Родис развязно и равнодушно, будто был здесь не впервые, бросил свой огромный портфель и пиджак на диван и, прежде чем сесть, обшарил взглядом обстановку комнаты. Все было добротно, весомо и значительно. Во всем чувствовалась домовитость, забота о личном преуспеянии. Круглый стол — не большой и не маленький, но достаточный для того, чтобы в праздничные дни за него могли усесться десять — двенадцать гостей. Платяной шкаф, конечно, с зеркалом во всю длину шкафа. Видно, хозяйка любила обозревать в нем свою фигуру. Комод, широкий диван, железная кровать с разрисованной спинкой. На кровати пуховые подушки разных размеров в шесть этажей. Одного комода хозяйке было мало, тут же напротив стоял большой сундук, обитый белой жестью. Здесь, наверное, хозяйка хранила наиболее ценные вещи.
На всех стенах бесконечное множество вышивок с изображением кошечек разных мастей, целующихся голубков и цветов в корзинах. Видимо, вышивание было излюбленным занятием хозяйки, коротавшей за ним скучные одинокие вечера. Над вышивками висели под стеклом в деревянных рамочках фотографии.
Во всю длину кровати со стены на хозяйку дома днем и ночью глядели два стройных лебедя, которых с рук кормила полураздетая пышногрудая дива.
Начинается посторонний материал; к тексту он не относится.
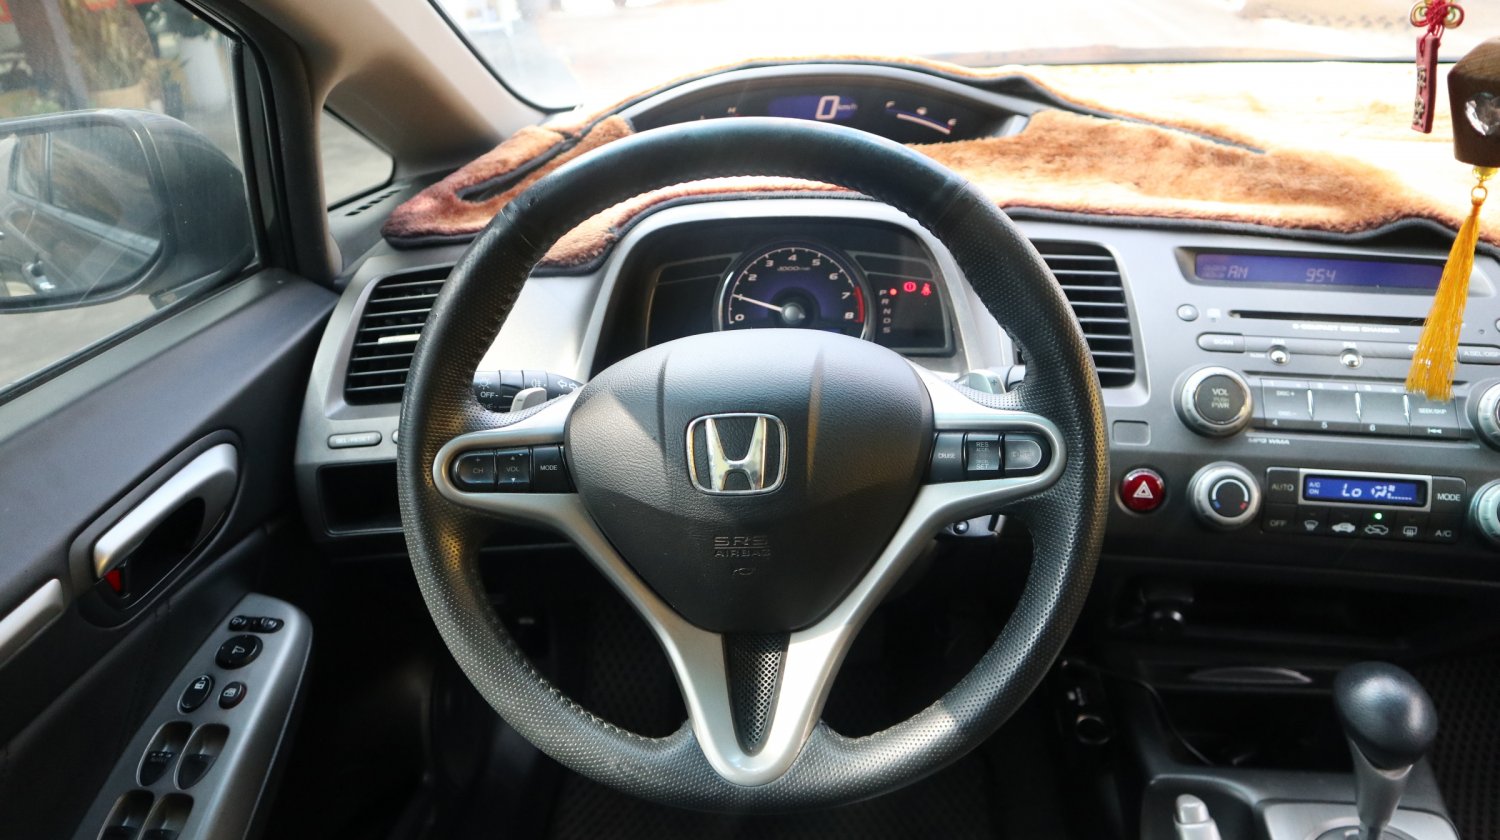 Honda 本田 ／ Civic 喜美 ／ 2011年 ／ 2011年 Honda Civic VTi-S 深灰色 本田中古車 ／ 成交區

Родису в таких домах было все знакомо и привычно, он мог, закрыв глаза, перечислить малейшие детали обстановки. На комоде обязательно должны выстроиться по ранжиру костяные слоны и слоники, пустые флаконы из-под одеколона и духов, красочные почтовые открытки с надписью «Желаю счастья», полученные хозяйкой ко дню рождения.
Родису не надо было быть чтецом чужих мыслей, он заранее предвидел, что именно скажет хозяйке. И он угадал: Гиззельбанат действительно предложила ему просмотреть семейный альбом, а она пока накроет на стол.
Родису ужасно не хотелось тратить попусту время на просмотр семейного альбома, ему было совершенно безразлично, кого двадцать и тридцать лет назад запечатлел безвестный фотограф — племянницу покойного дяди или внучку любимой тети. Родис тактично отодвинул альбом на край стола, взял хозяйку за руку и, заглянув ей в глаза, подобострастно произнес:
— К чему мне фотокарточки, когда передо мной прекрасный оригинал. Вы, милая хозяюшка, сразу видать, натура довольно сложная. Вас без ста грамм не раскусить.
Гиззельбанат еще пуще зарделась и торопливо раскрыла буфет:
— Ради такого гостя могу и раскошелиться. Угощу вас домашним коньячком. Деверь из деревни прислал. — И она выставила на стол пол-литровую бутылку с мутно-желтой жидкостью, затем принесла из кухни большое блюдо со студнем. — Знай я, что у меня будет такой гость, конечно, все было бы иначе… А так не обессудьте…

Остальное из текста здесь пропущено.